▶ **Task objective**: What is needed is an exact reproduction of the lines from the one that contains "Share more than" through the end of the data, both included and nothing else, with pictures omitted.

▶ **Recorded data**:
━━━━━━━━━━

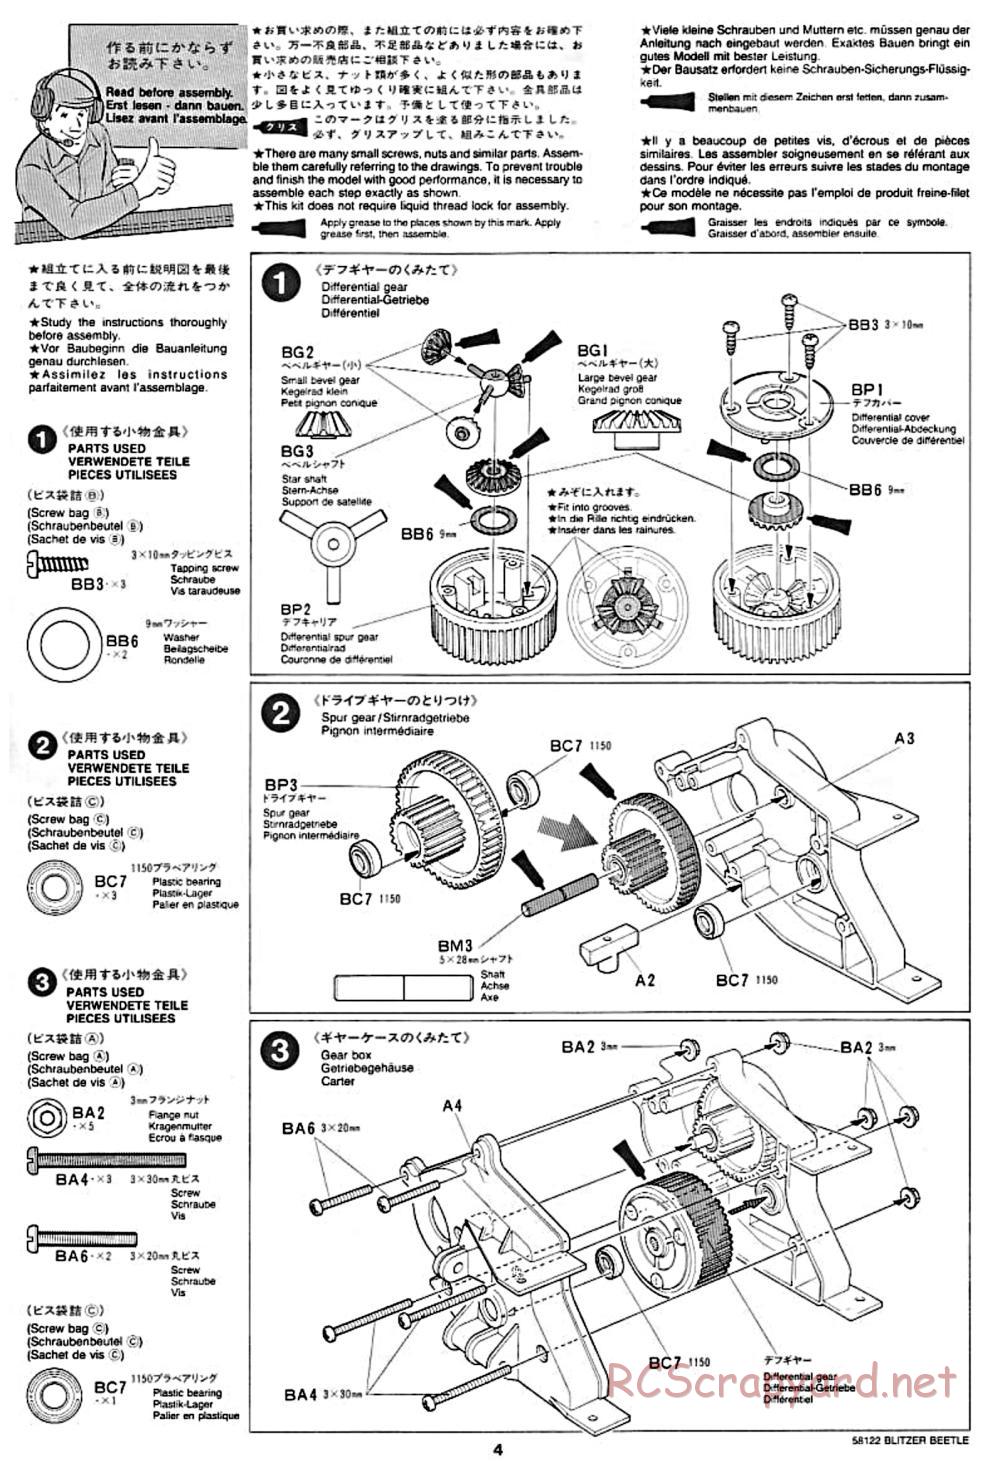 Tamiya - Blitzer Beetle Chassis - Manual - Page 4
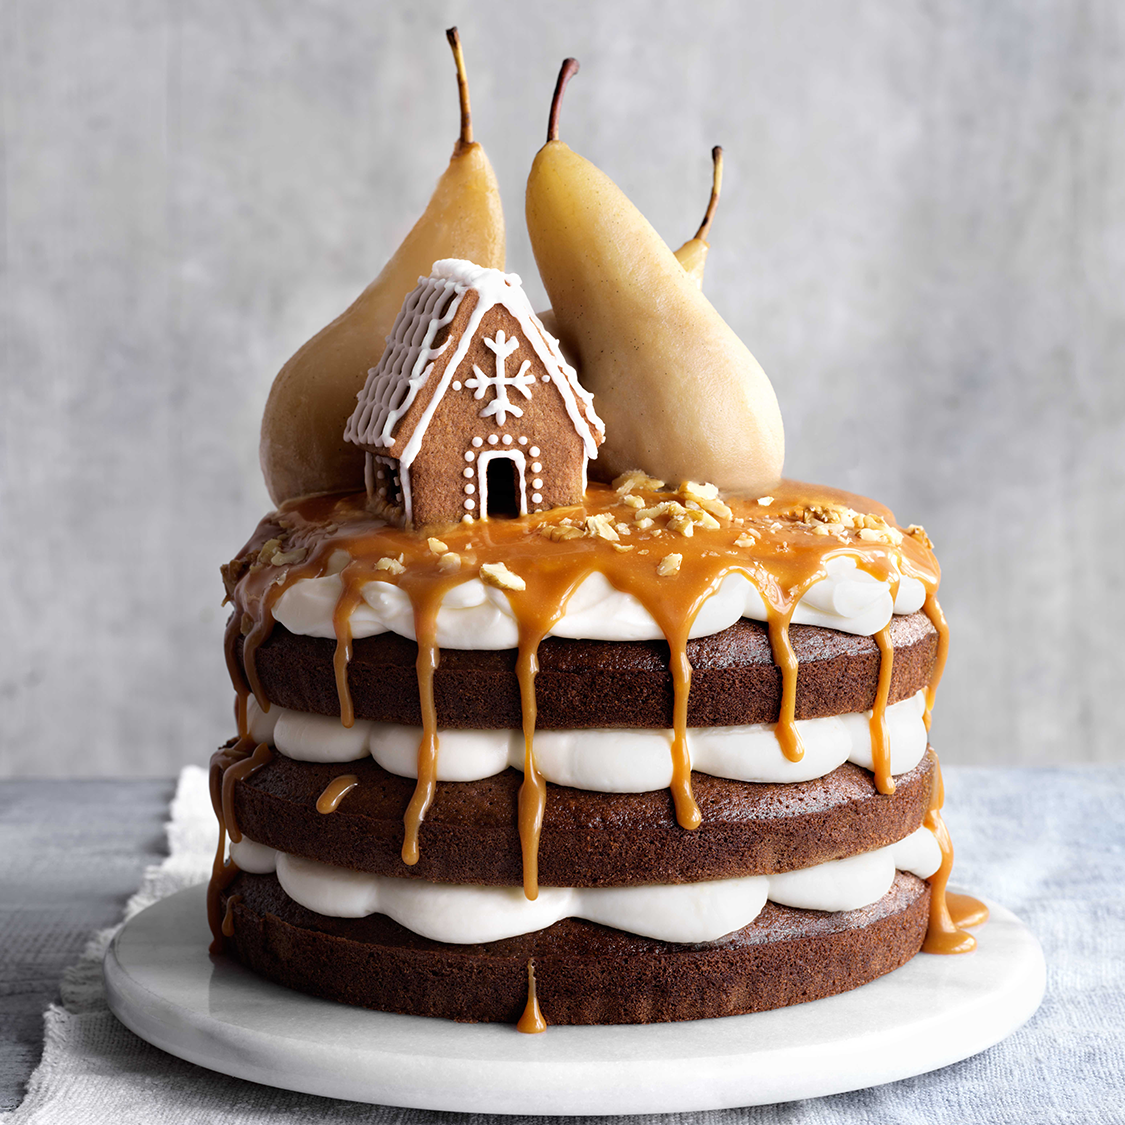 Share more than 138 british ginger cake best - kidsdream.edu.vn
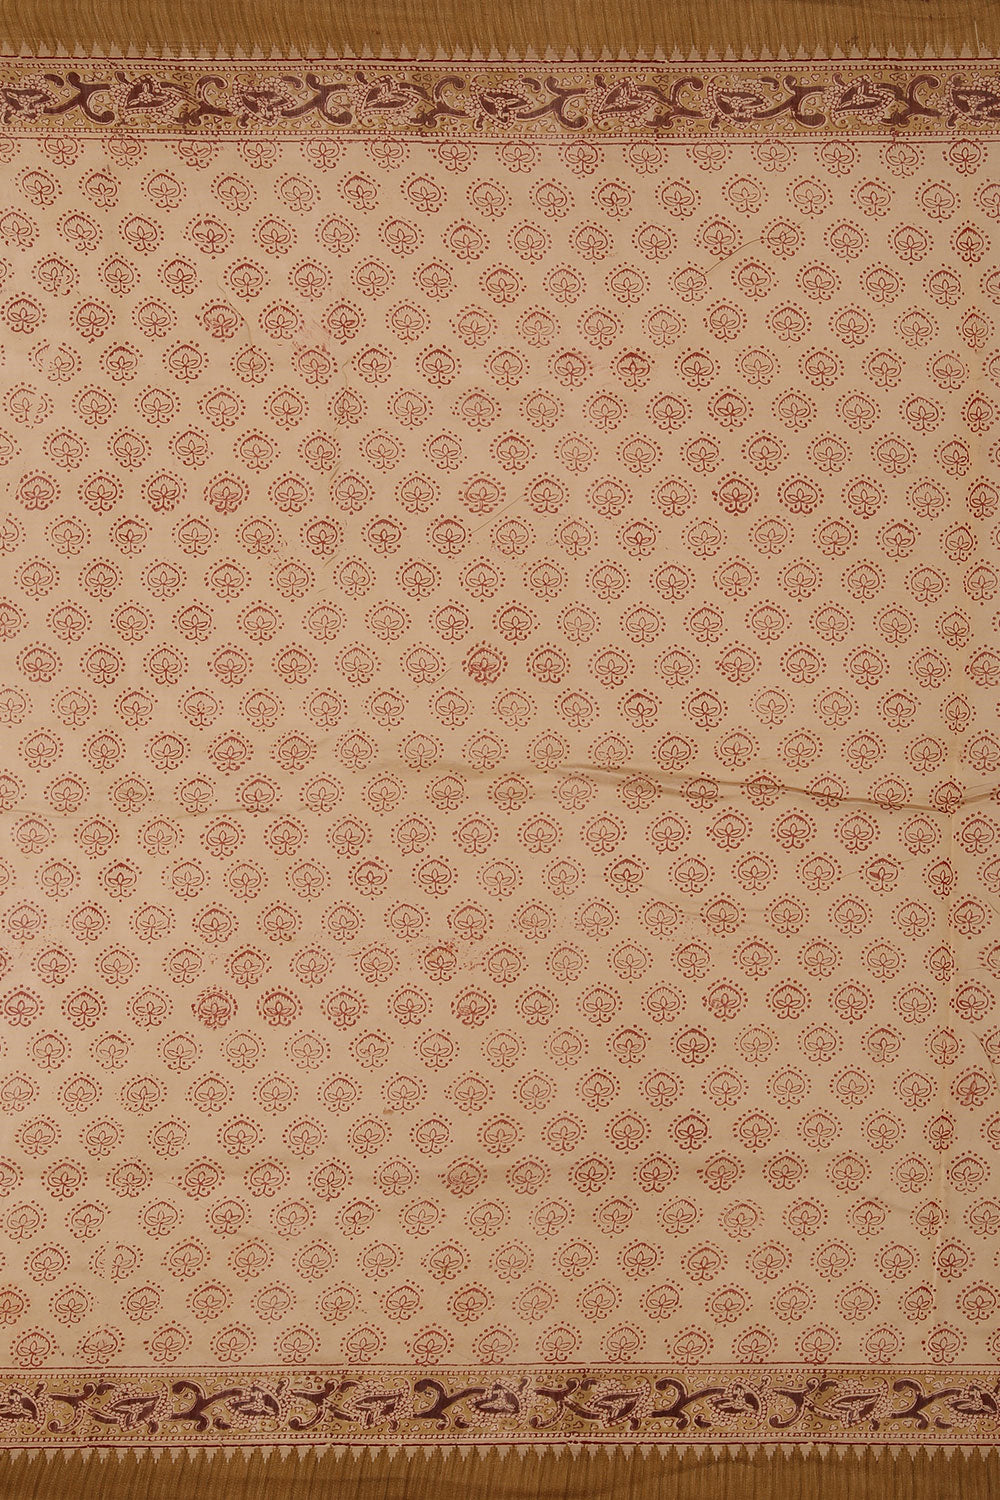 Dark brown Kalamkari handblock printed chanderi saree
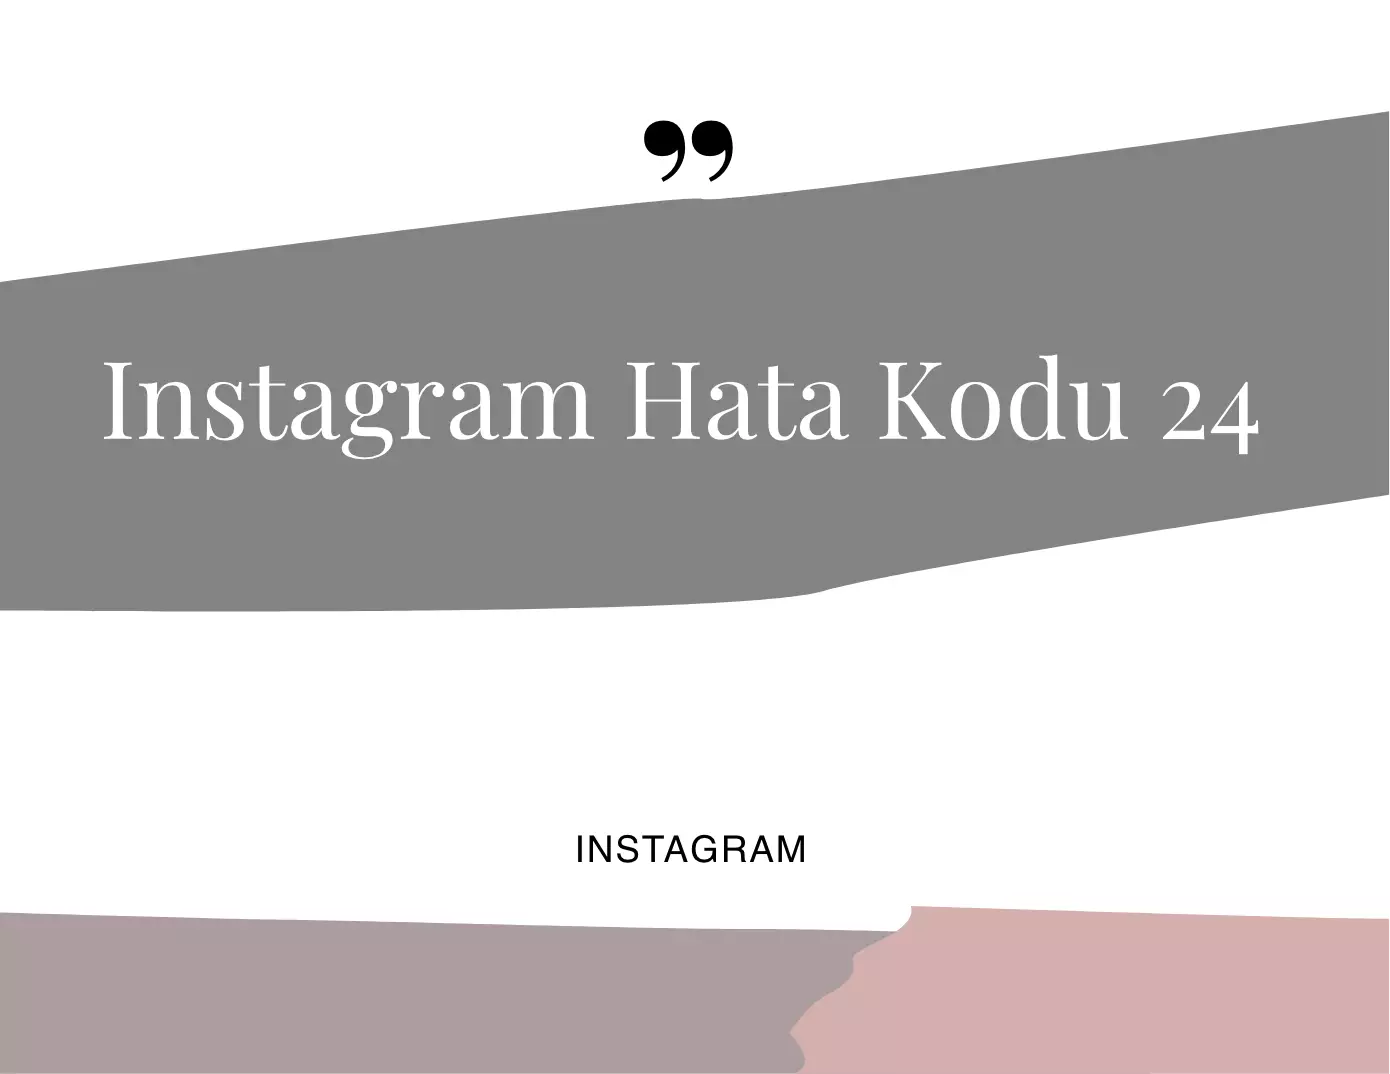 Instagram Hata Kodu 24 Nasıl Çözülür?

━━━━━━━━━━

▶ **Finished exercise**:
 Share more than 138 british ginger cake best - kidsdream.edu.vn
 Dark brown Kalamkari handblock printed chanderi saree
 Instagram Hata Kodu 24 Nasıl Çözülür?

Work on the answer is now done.